▸ TASK STATEMENT: Retype exactly the span of lines below from the one with "Basic 51mm Polarized" through the one with "Fender Jazz Bass Special PJ - Made in Japan". Do not include pictures.

----- SUPPLIED INFORMATION

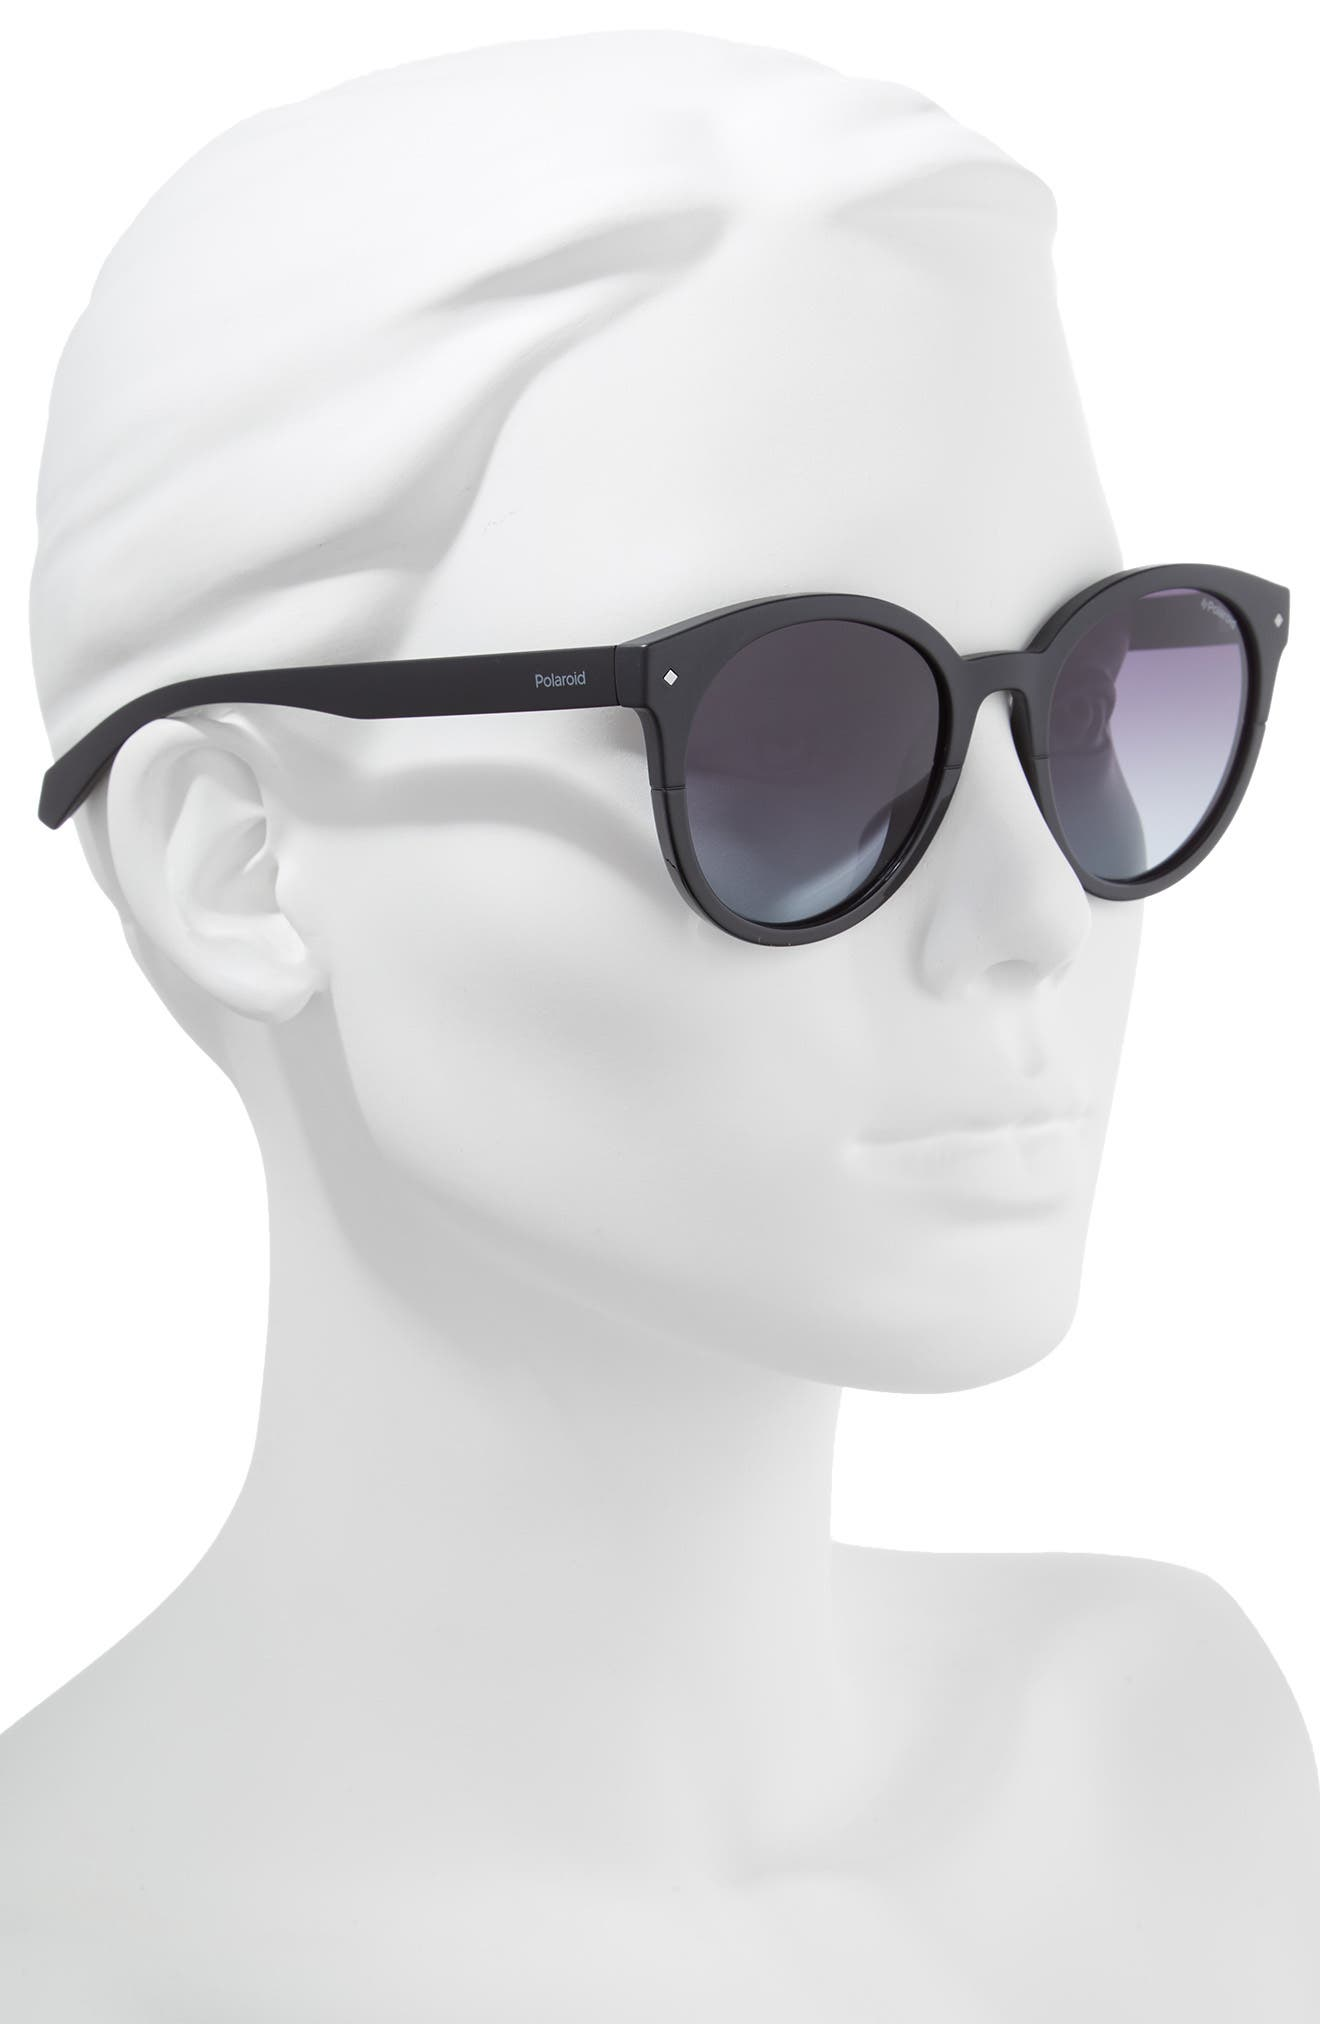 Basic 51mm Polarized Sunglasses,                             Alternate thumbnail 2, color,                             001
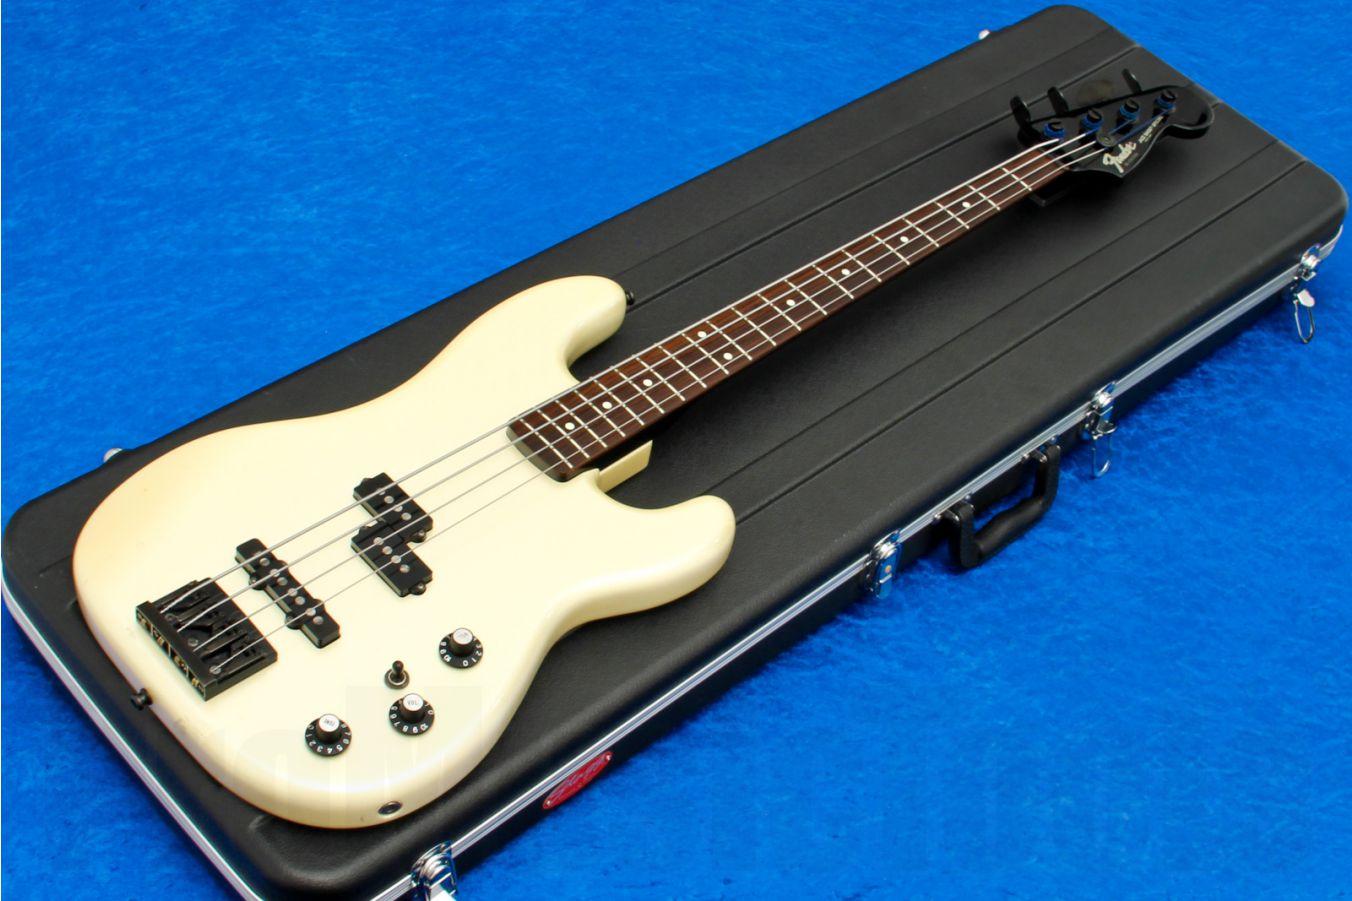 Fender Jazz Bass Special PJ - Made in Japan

----------
----- SUPPLIED INFORMATION

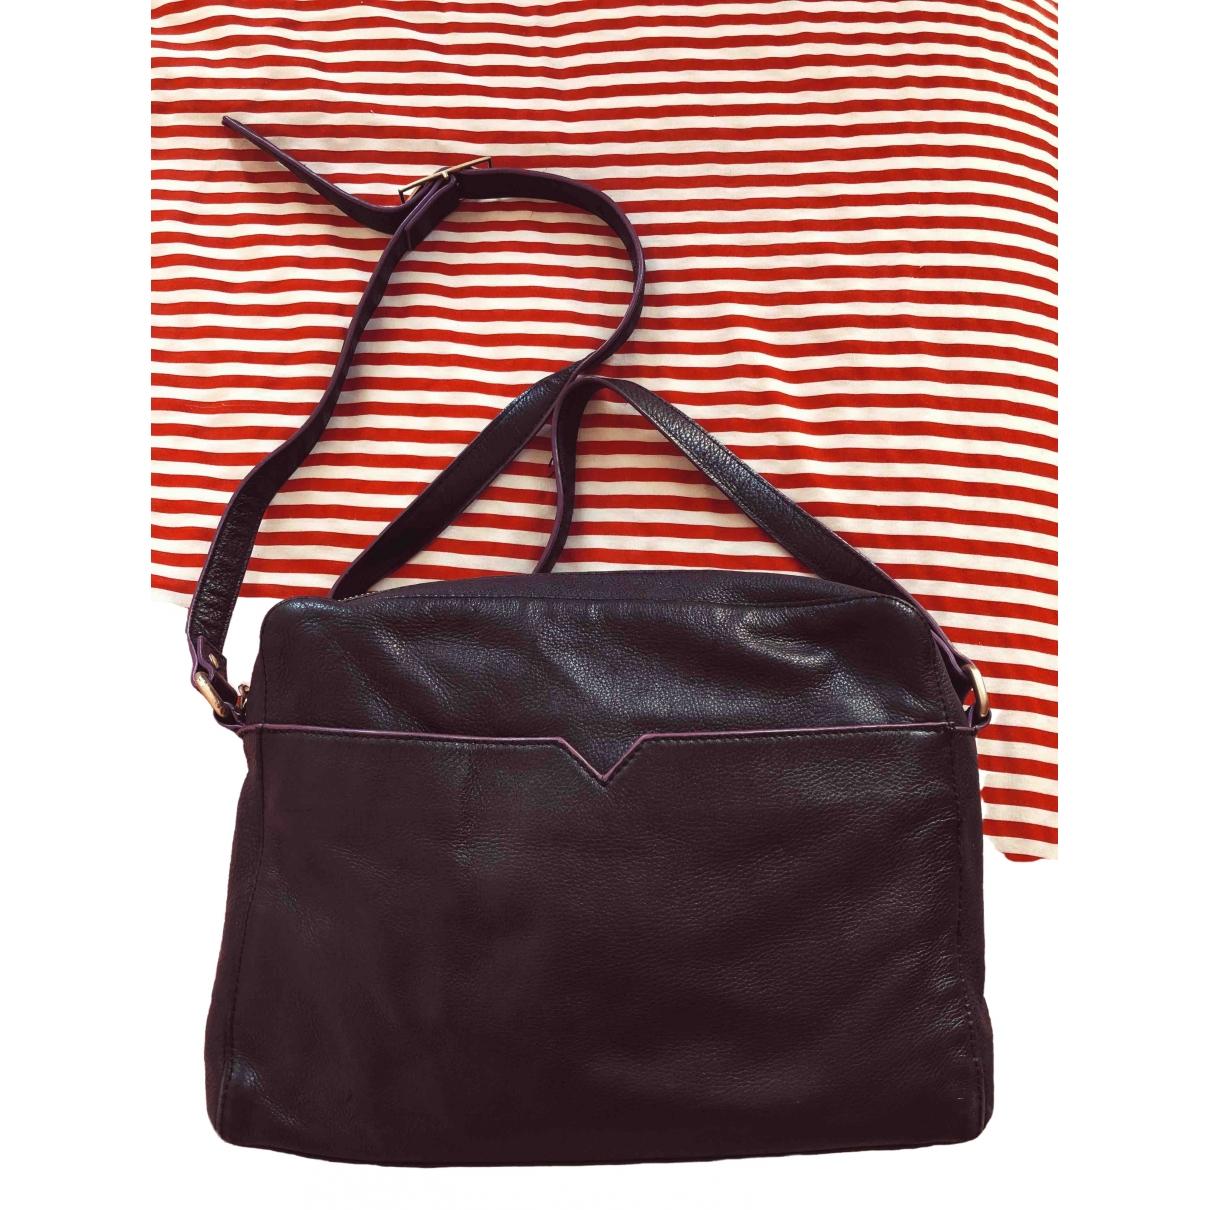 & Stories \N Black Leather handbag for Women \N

----------

▸ OUTPUT:
 Basic 51mm Polarized Sunglasses,                             Alternate thumbnail 2, color,                             001
 Fender Jazz Bass Special PJ - Made in Japan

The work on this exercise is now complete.